Sometime after 4 o’clock on the afternoon of Friday, June 13, 1913, the fire alarm sounded in the village of Liberty, and by the time firemen responded, a number of buildings were already in …
Sometime after 4 o’clock on the afternoon of Friday, June 13, 1913, the fire alarm sounded in the village of Liberty, and by the time firemen responded, a number of buildings were already in flames.
When it was all over some three hours later, the village was in ruins, with estimates of the damage reaching as high as half-a-million dollars. That’s nearly $12.5 million today.

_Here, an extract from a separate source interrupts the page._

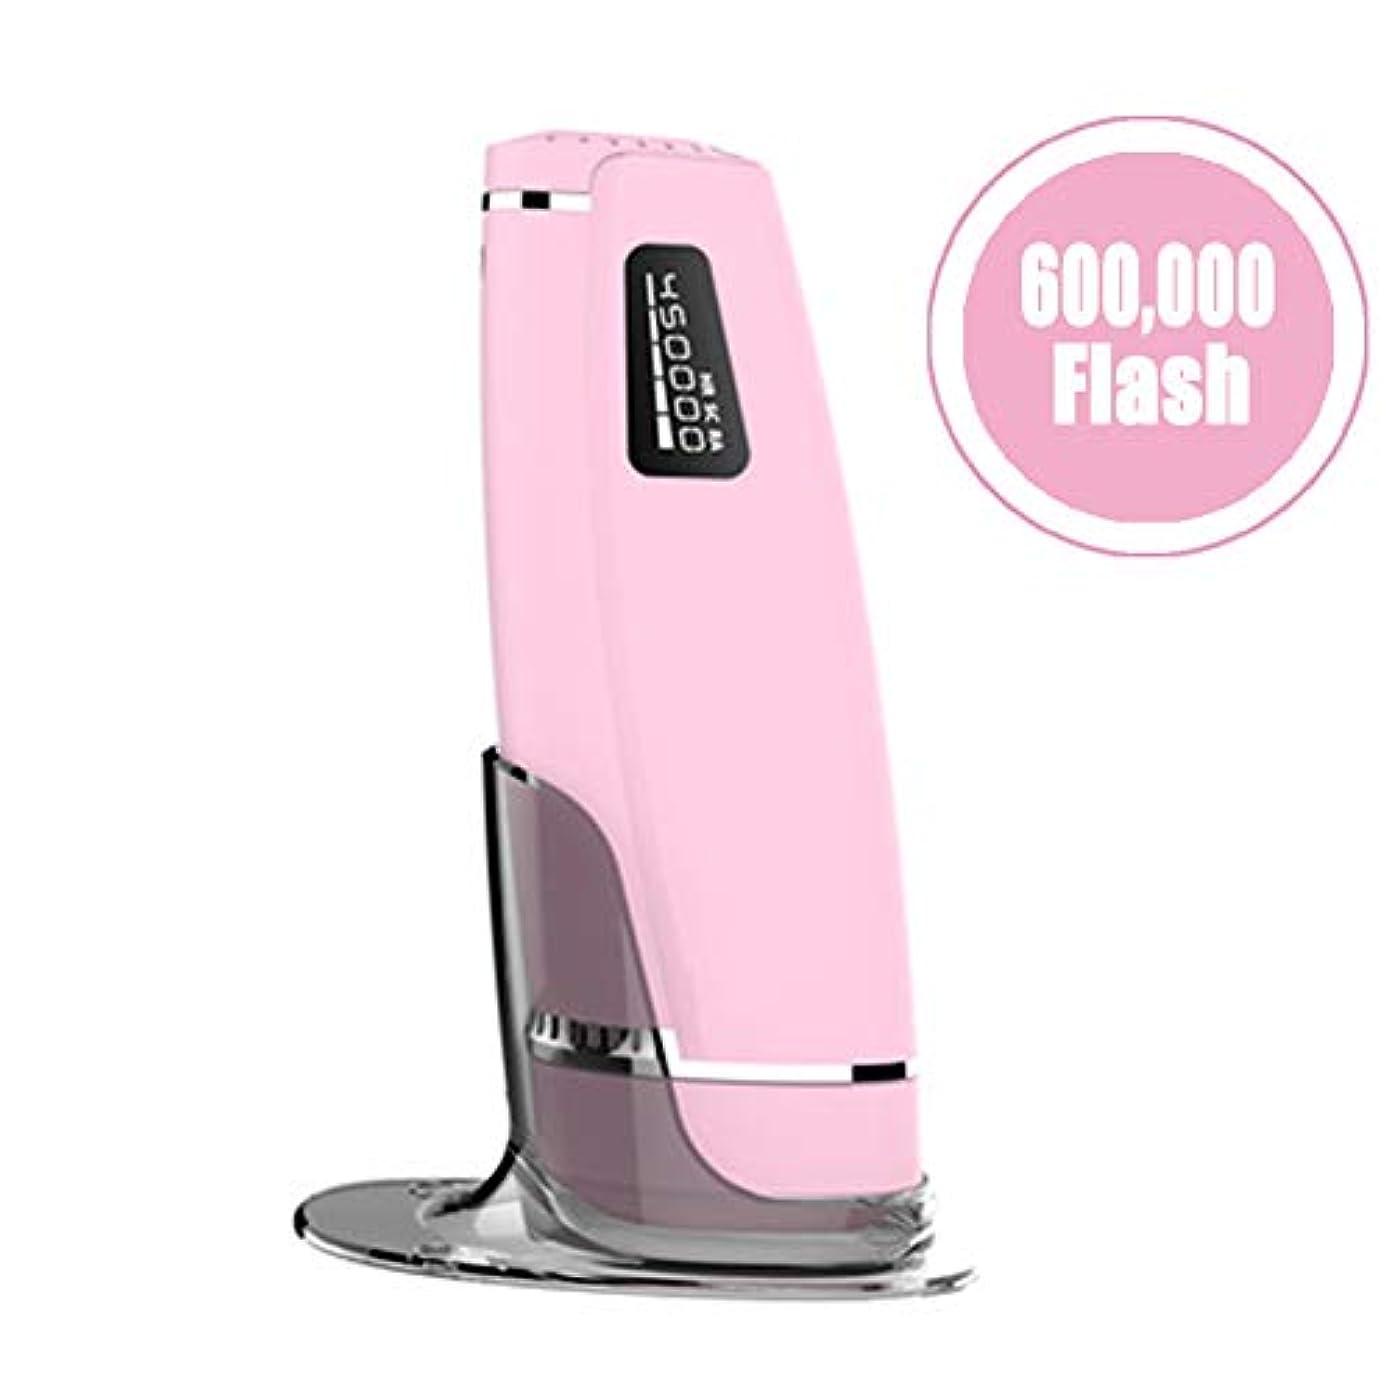 自動自治的経過アップグレードIPLレーザー脱毛システムデバイス、60万回のフラッシュ無痛常設パルス光脱毛器にとってボディフェイス脇の下ビキニライン,Pink

It would become known as the great Liberty fire, one of the most devastating in Sullivan County history.
Although it was never officially established how the Liberty blaze started, it is generally believed to have ignited in the barn located behind the Roosa & Lancashire grocery store.
It is known that shortly before the fire was detected, a man named Thomas Washington had made a delivery of hay to the barn, which served as a storehouse for the grocery, but it is not known if that was in any way connected to the start of the fire.
In a rare special edition, the Liberty Register reported the next day that "with such incredible speed did the flames spread that they had gained uncontrollable headway before the firemen had hooked their hose to the hydrants. The place in which the fire started was thickly surrounded by frame buildings that were easy prey to the flames. The firemen were hardly aware that the fire had started before the flames had raced over the entire block."
Claimed by the conflagration that afternoon was the social and cultural center of the village, the imposing Liberty Music Hall, B.F. Green’s Department Store, the Baptist Church, Jafnel’s Pharmacy, Kniffen’s stationery store, B.E. Misner’s confectionery store, James Mance’s pharmacy, William Fahrenholz’s stationery store, Hasbrouck’s apartment house, Roosa & Lancashire’s grocery and its barn, and Sherwood’s livery stable.
Most of those establishments also lost their entire contents. Many other structures suffered varying degrees of damage in the blaze, and for a time, the entire village appeared threatened.
Manville B. Wakefield, writing in his 1970 book, “To The Mountains by Rail,” quotes longtime Liberty resident Dewey Borden’s vivid recollections of the excitement that day.
"‘The fire whistle was just starting to blow,’ recalls Dewey Borden, ‘when I looked up the narrow alley between the Roosa building and the Hasbrouck building to see flames roaring out of the Sherwood stables at the far end.’"
Liberty firemen soon concluded that they were overmatched by the fire. According to Wakefield, "as the flames tore through the 112-foot long Roosa & Lancashire grocery and fruit store, emergency calls went out to surrounding communities, and soon Livingston Manor Hose Co., arriving on a special O and W train, was on the scene, quickly followed by Mountain Hose Co. of Monticello, Jeffersonville Hose Co., and the Lake Huntington Hose Co."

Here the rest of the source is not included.